» Data listing:
━━━━━━━━━━

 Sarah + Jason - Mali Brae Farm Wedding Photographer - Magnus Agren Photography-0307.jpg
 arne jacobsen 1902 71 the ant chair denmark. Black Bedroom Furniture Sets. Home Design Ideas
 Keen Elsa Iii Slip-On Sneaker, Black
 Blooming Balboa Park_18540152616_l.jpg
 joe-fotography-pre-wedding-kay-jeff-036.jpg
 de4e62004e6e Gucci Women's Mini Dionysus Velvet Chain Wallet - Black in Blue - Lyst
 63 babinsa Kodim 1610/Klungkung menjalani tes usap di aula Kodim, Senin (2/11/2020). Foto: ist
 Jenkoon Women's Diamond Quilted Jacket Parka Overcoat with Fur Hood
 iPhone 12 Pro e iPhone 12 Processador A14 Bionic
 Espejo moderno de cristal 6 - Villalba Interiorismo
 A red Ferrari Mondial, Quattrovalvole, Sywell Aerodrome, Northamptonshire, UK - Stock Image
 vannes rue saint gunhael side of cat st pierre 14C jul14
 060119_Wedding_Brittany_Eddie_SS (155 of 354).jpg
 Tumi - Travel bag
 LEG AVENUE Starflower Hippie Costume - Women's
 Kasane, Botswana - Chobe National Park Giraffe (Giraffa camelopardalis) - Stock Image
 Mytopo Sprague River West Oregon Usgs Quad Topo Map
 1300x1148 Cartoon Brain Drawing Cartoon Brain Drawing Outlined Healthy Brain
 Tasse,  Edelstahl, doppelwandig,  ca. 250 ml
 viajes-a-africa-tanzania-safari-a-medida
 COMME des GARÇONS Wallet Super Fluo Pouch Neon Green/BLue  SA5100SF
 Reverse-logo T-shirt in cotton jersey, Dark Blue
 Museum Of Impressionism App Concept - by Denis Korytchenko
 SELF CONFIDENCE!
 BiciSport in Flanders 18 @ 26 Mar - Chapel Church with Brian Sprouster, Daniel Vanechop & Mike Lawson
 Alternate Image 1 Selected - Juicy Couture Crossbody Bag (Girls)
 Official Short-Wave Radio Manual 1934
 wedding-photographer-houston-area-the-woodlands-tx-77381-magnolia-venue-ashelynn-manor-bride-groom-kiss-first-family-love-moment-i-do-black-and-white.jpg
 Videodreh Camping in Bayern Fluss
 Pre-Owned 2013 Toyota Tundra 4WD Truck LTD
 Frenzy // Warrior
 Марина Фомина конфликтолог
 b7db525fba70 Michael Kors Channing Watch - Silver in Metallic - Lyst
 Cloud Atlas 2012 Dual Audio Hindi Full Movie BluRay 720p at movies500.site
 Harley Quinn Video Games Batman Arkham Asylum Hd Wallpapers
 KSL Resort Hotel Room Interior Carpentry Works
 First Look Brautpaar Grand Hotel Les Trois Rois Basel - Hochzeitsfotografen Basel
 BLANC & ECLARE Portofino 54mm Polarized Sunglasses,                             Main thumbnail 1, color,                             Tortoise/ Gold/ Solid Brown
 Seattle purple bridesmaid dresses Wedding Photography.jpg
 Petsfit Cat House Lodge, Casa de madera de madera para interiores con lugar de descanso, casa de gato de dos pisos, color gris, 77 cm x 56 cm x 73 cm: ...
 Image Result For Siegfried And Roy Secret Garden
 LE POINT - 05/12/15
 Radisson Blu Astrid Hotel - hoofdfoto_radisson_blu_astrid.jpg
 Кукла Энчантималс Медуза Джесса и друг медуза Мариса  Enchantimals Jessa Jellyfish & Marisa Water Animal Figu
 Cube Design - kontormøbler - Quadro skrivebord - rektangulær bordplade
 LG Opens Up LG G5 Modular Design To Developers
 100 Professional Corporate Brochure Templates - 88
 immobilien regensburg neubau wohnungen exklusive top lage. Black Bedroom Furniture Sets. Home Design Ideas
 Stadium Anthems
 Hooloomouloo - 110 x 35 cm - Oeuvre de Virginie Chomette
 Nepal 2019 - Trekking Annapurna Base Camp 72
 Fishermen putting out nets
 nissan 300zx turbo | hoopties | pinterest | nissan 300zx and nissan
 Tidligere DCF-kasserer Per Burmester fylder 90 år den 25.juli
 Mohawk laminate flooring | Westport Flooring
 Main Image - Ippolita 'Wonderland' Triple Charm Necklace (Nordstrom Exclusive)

━━━━━━━━━━

» Your instructions:
Write out the records again so that each line matches the original exactly.

» Result:
 Sarah + Jason - Mali Brae Farm Wedding Photographer - Magnus Agren Photography-0307.jpg
 arne jacobsen 1902 71 the ant chair denmark. Black Bedroom Furniture Sets. Home Design Ideas
 Keen Elsa Iii Slip-On Sneaker, Black
 Blooming Balboa Park_18540152616_l.jpg
 joe-fotography-pre-wedding-kay-jeff-036.jpg
 de4e62004e6e Gucci Women's Mini Dionysus Velvet Chain Wallet - Black in Blue - Lyst
 63 babinsa Kodim 1610/Klungkung menjalani tes usap di aula Kodim, Senin (2/11/2020). Foto: ist
 Jenkoon Women's Diamond Quilted Jacket Parka Overcoat with Fur Hood
 iPhone 12 Pro e iPhone 12 Processador A14 Bionic
 Espejo moderno de cristal 6 - Villalba Interiorismo
 A red Ferrari Mondial, Quattrovalvole, Sywell Aerodrome, Northamptonshire, UK - Stock Image
 vannes rue saint gunhael side of cat st pierre 14C jul14
 060119_Wedding_Brittany_Eddie_SS (155 of 354).jpg
 Tumi - Travel bag
 LEG AVENUE Starflower Hippie Costume - Women's
 Kasane, Botswana - Chobe National Park Giraffe (Giraffa camelopardalis) - Stock Image
 Mytopo Sprague River West Oregon Usgs Quad Topo Map
 1300x1148 Cartoon Brain Drawing Cartoon Brain Drawing Outlined Healthy Brain
 Tasse,  Edelstahl, doppelwandig,  ca. 250 ml
 viajes-a-africa-tanzania-safari-a-medida
 COMME des GARÇONS Wallet Super Fluo Pouch Neon Green/BLue  SA5100SF
 Reverse-logo T-shirt in cotton jersey, Dark Blue
 Museum Of Impressionism App Concept - by Denis Korytchenko
 SELF CONFIDENCE!
 BiciSport in Flanders 18 @ 26 Mar - Chapel Church with Brian Sprouster, Daniel Vanechop & Mike Lawson
 Alternate Image 1 Selected - Juicy Couture Crossbody Bag (Girls)
 Official Short-Wave Radio Manual 1934
 wedding-photographer-houston-area-the-woodlands-tx-77381-magnolia-venue-ashelynn-manor-bride-groom-kiss-first-family-love-moment-i-do-black-and-white.jpg
 Videodreh Camping in Bayern Fluss
 Pre-Owned 2013 Toyota Tundra 4WD Truck LTD
 Frenzy // Warrior
 Марина Фомина конфликтолог
 b7db525fba70 Michael Kors Channing Watch - Silver in Metallic - Lyst
 Cloud Atlas 2012 Dual Audio Hindi Full Movie BluRay 720p at movies500.site
 Harley Quinn Video Games Batman Arkham Asylum Hd Wallpapers
 KSL Resort Hotel Room Interior Carpentry Works
 First Look Brautpaar Grand Hotel Les Trois Rois Basel - Hochzeitsfotografen Basel
 BLANC & ECLARE Portofino 54mm Polarized Sunglasses,                             Main thumbnail 1, color,                             Tortoise/ Gold/ Solid Brown
 Seattle purple bridesmaid dresses Wedding Photography.jpg
 Petsfit Cat House Lodge, Casa de madera de madera para interiores con lugar de descanso, casa de gato de dos pisos, color gris, 77 cm x 56 cm x 73 cm: ...
 Image Result For Siegfried And Roy Secret Garden
 LE POINT - 05/12/15
 Radisson Blu Astrid Hotel - hoofdfoto_radisson_blu_astrid.jpg
 Кукла Энчантималс Медуза Джесса и друг медуза Мариса  Enchantimals Jessa Jellyfish & Marisa Water Animal Figu
 Cube Design - kontormøbler - Quadro skrivebord - rektangulær bordplade
 LG Opens Up LG G5 Modular Design To Developers
 100 Professional Corporate Brochure Templates - 88
 immobilien regensburg neubau wohnungen exklusive top lage. Black Bedroom Furniture Sets. Home Design Ideas
 Stadium Anthems
 Hooloomouloo - 110 x 35 cm - Oeuvre de Virginie Chomette
 Nepal 2019 - Trekking Annapurna Base Camp 72
 Fishermen putting out nets
 nissan 300zx turbo | hoopties | pinterest | nissan 300zx and nissan
 Tidligere DCF-kasserer Per Burmester fylder 90 år den 25.juli
 Mohawk laminate flooring | Westport Flooring
 Main Image - Ippolita 'Wonderland' Triple Charm Necklace (Nordstrom Exclusive)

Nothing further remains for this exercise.